Heartland Cabernet Sauvignon 2010
Cabernet Sauvignon from Australia
Dark purple. Ripe cherry, cassis and vanilla on the highly perfumed nose. Broad and appealingly sweet in the mouth, offering lush dark fruit compote flavors and a bracing jolt of peppery spices. Dusty tannins give structure to a long, fruit-driven finish that features an exotic spicecake nuance.
The Wine Advocate - "Dark purple. Ripe cherry, cassis and vanilla on the highly perfumed nose. Broad and appealingly sweet in the mouth, offering lush dark fruit compote flavors and a bracing jolt of peppery spices. Dusty tannins give structure to a long, fruit-driven finish that features an exotic spicecake nuance."

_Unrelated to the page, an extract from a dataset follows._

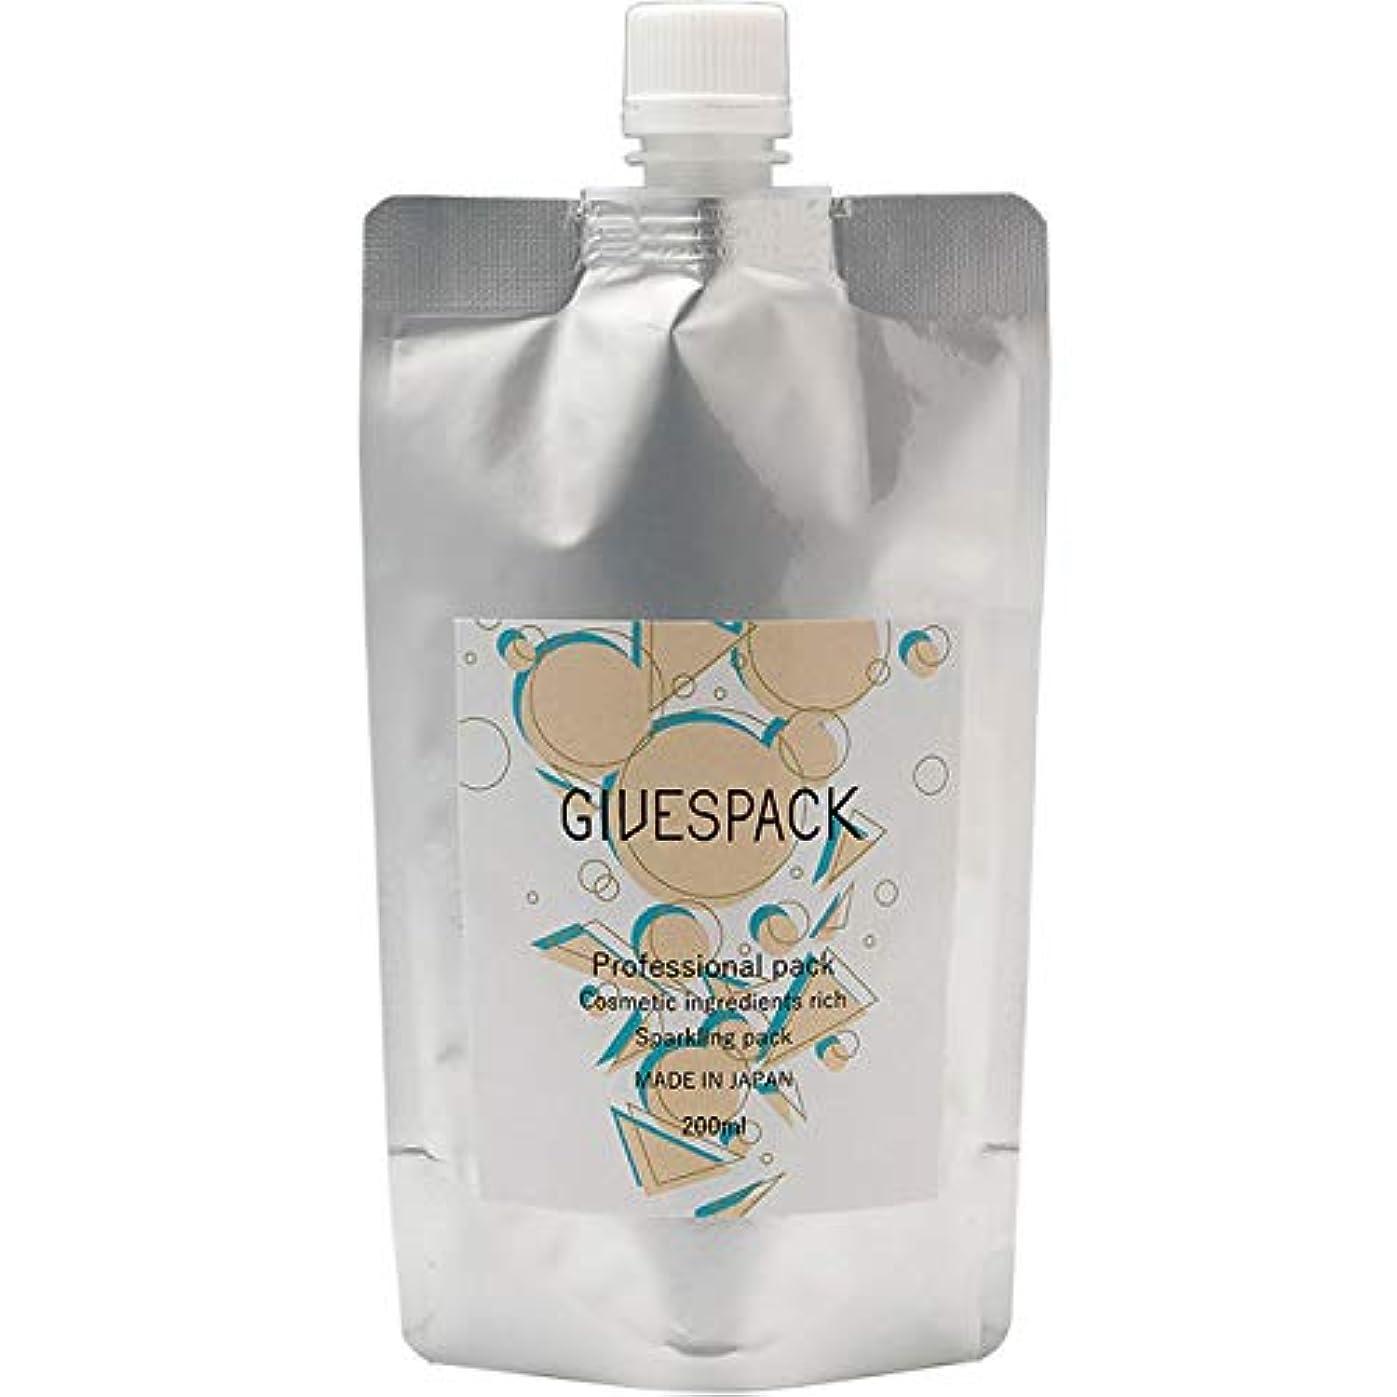 架空のリビングルームにぎやかNAVAN ギブスパック 炭酸パック 自宅エステ 手軽な一剤式(混ぜない) オールインワン 200ml たっぷり約23回分
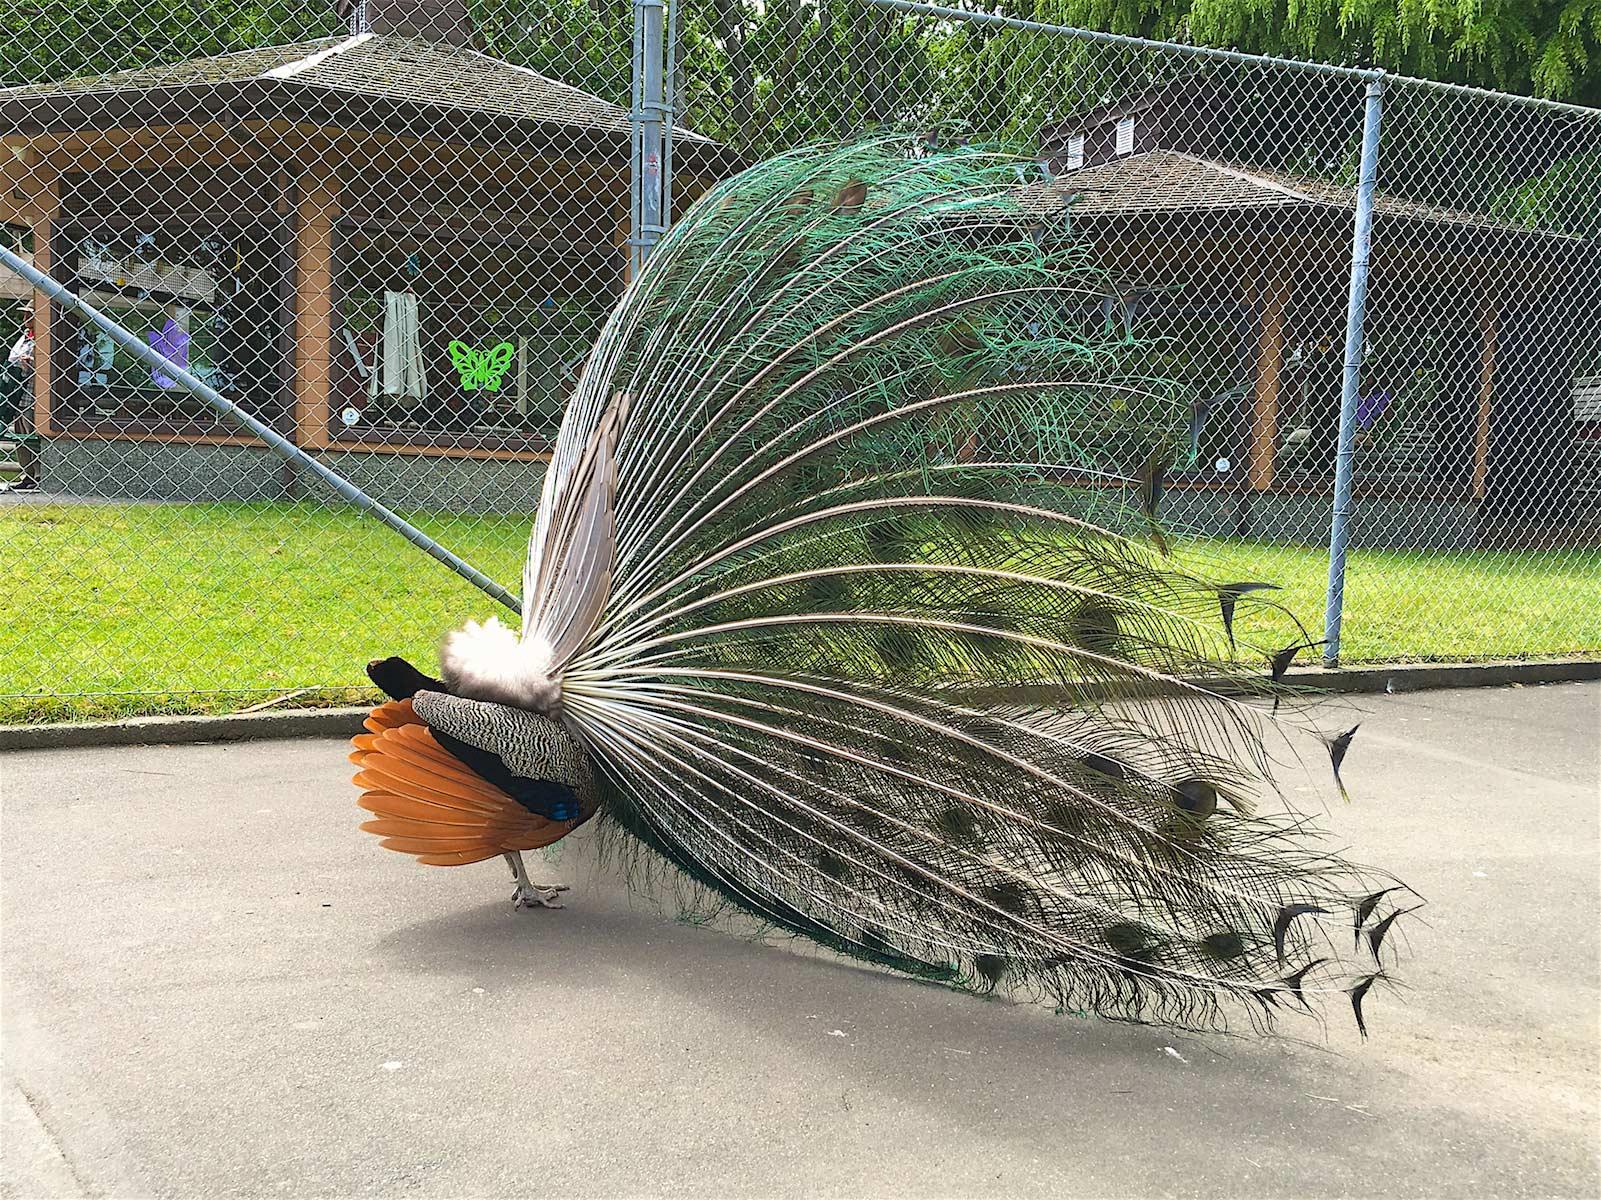 Upea Beacon Hill Park on kaupungin elämänlanka. Keskellä puistoa on edullinen kotieläinpuisto, jonka edustalla tepastelevat riikinkukot. (c) Alex Kampion/tripsteri.fi

Australian Wine Companion - "Medium red-purple; manages to combine the soft mid-palate of Langhorne Creek with cabernet tannins on the finish, but do so in a way that doesn't break the line of the wine; likewise, maturation in French hogsheads hasn't threatened the fruit."
Wine Spectator - "The plush texture and silky midpalate almost define Langhorne Creek, and the cedar, cassis and tobacco notes are classic Cabernet. So what’s the rub? The finish falls off just a bit too quickly. It’s still nice stuff for the price."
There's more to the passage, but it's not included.